=== Section Start ===
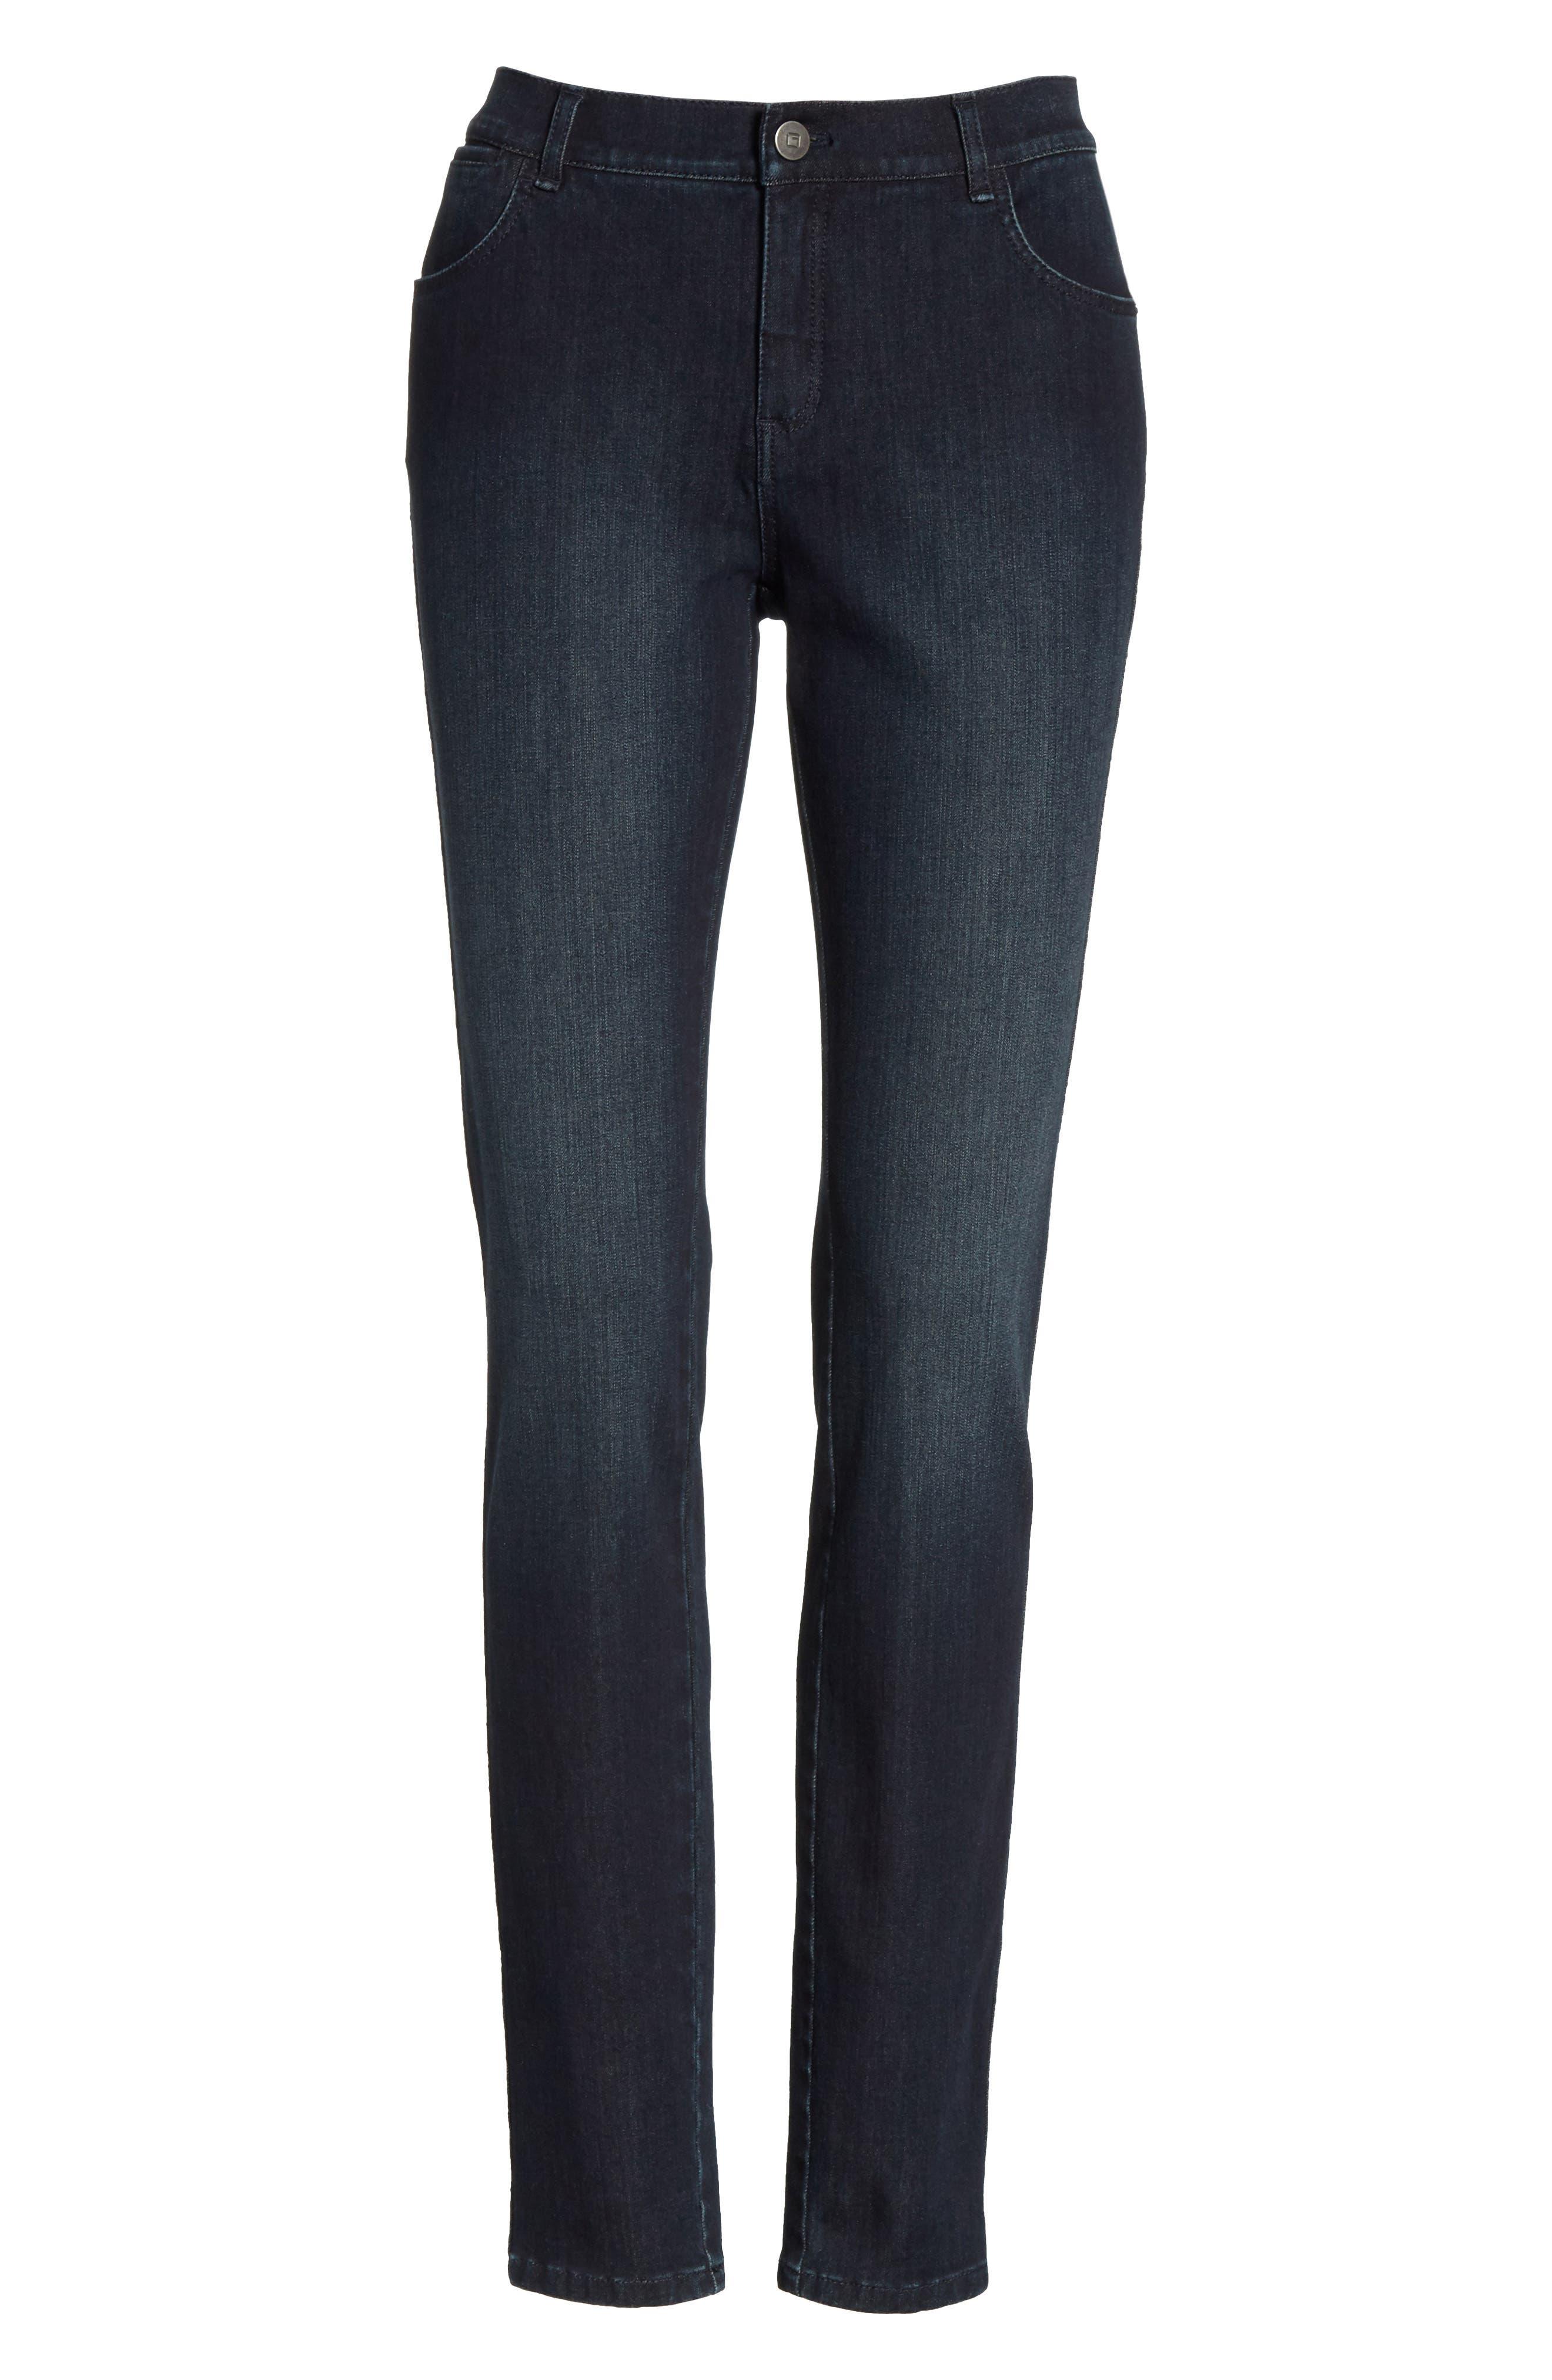 Mercer Skinny Jeans,                             Alternate thumbnail 7, color,                             Indigo
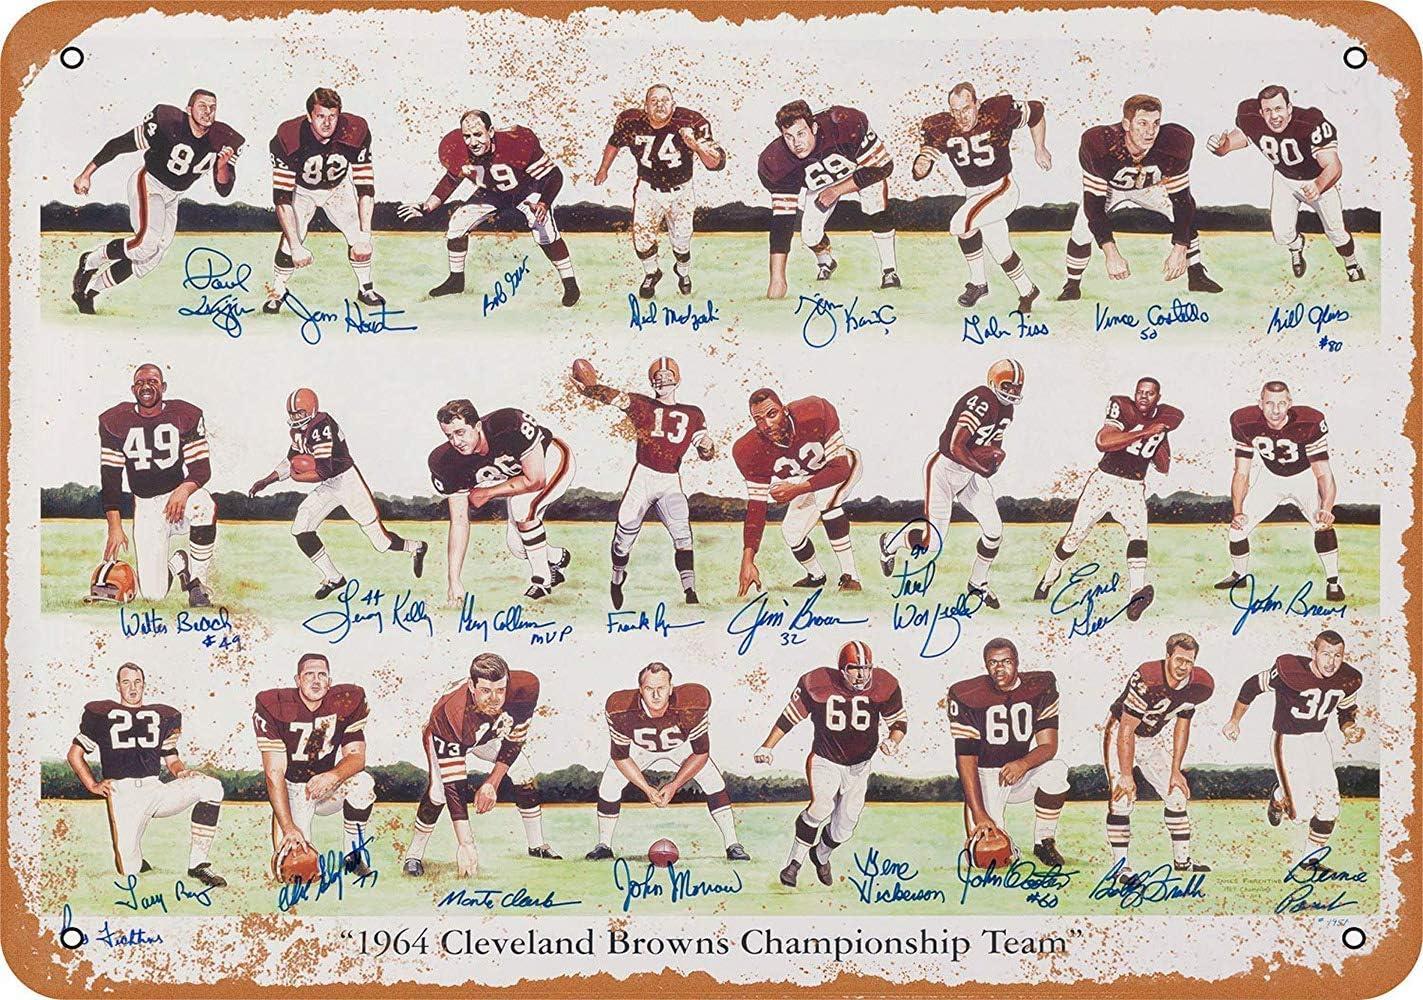 NOT Cleveland Browns Placa de Cartel de Chapa Vintage Retro Cartel ...
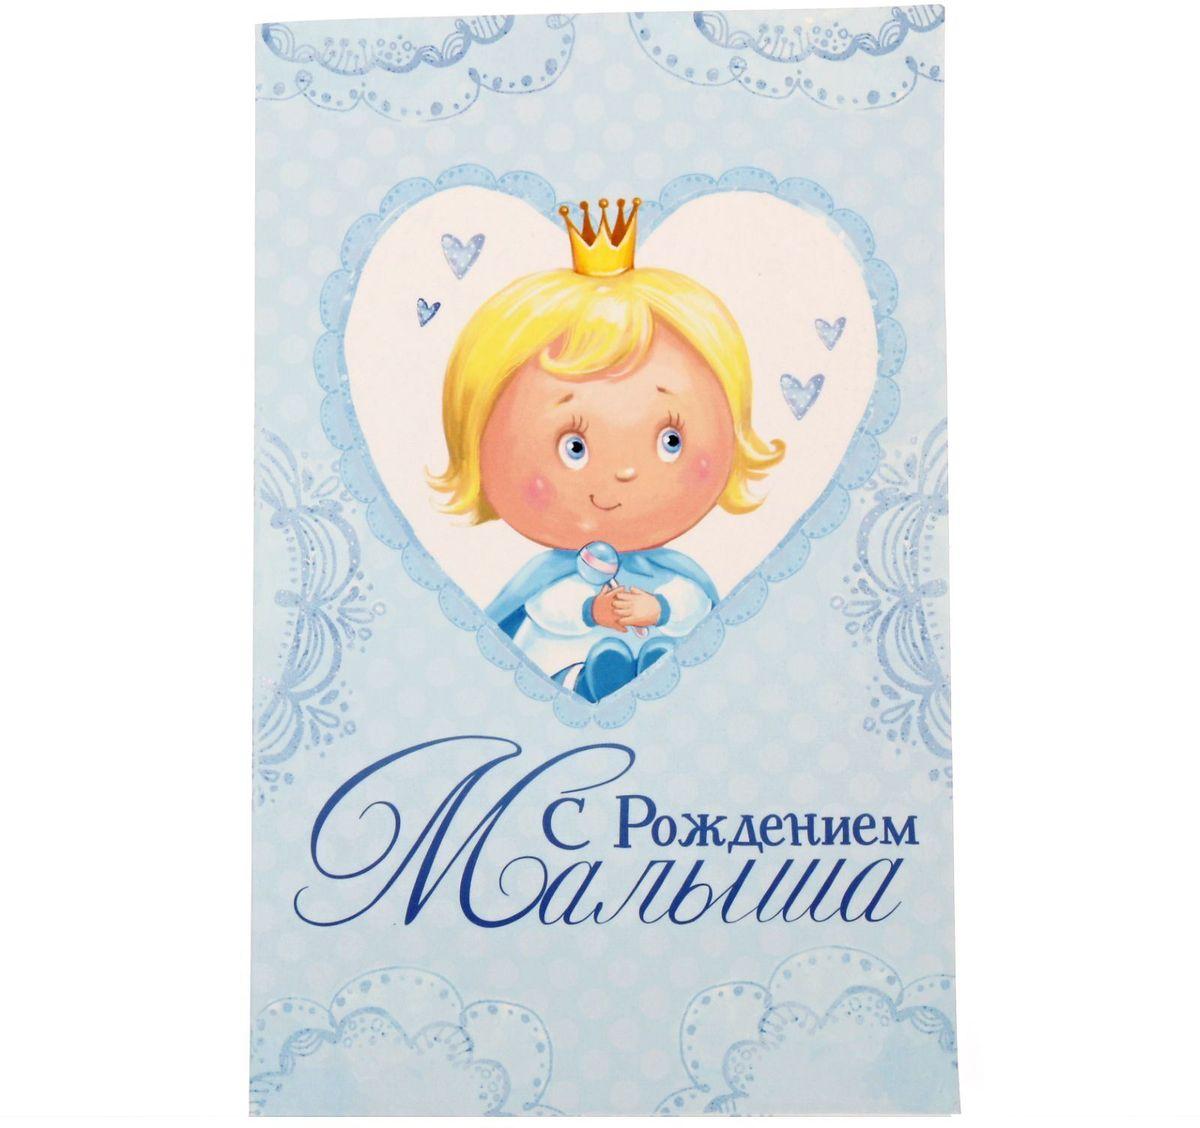 Открытка объемная Дарите cчастье С рождением малыша, 12 х 19 см1209043Хотите удивить своих близких необычным поздравлением? Объемная открытка вам в этом поможет. Внутри неё - волшебный мир детства и праздника. Рисованные персонажи будто оживают прямо на глазах!
=== Section End ===
**Problem details:** Exact repetition is required for the lines from the first one in the listing through the one that holds "NOT Cleveland Browns", and pictures are to be omitted.

**Solution to the exercise:**
 Mercer Skinny Jeans,                             Alternate thumbnail 7, color,                             Indigo
 NOT Cleveland Browns Placa de Cartel de Chapa Vintage Retro Cartel ...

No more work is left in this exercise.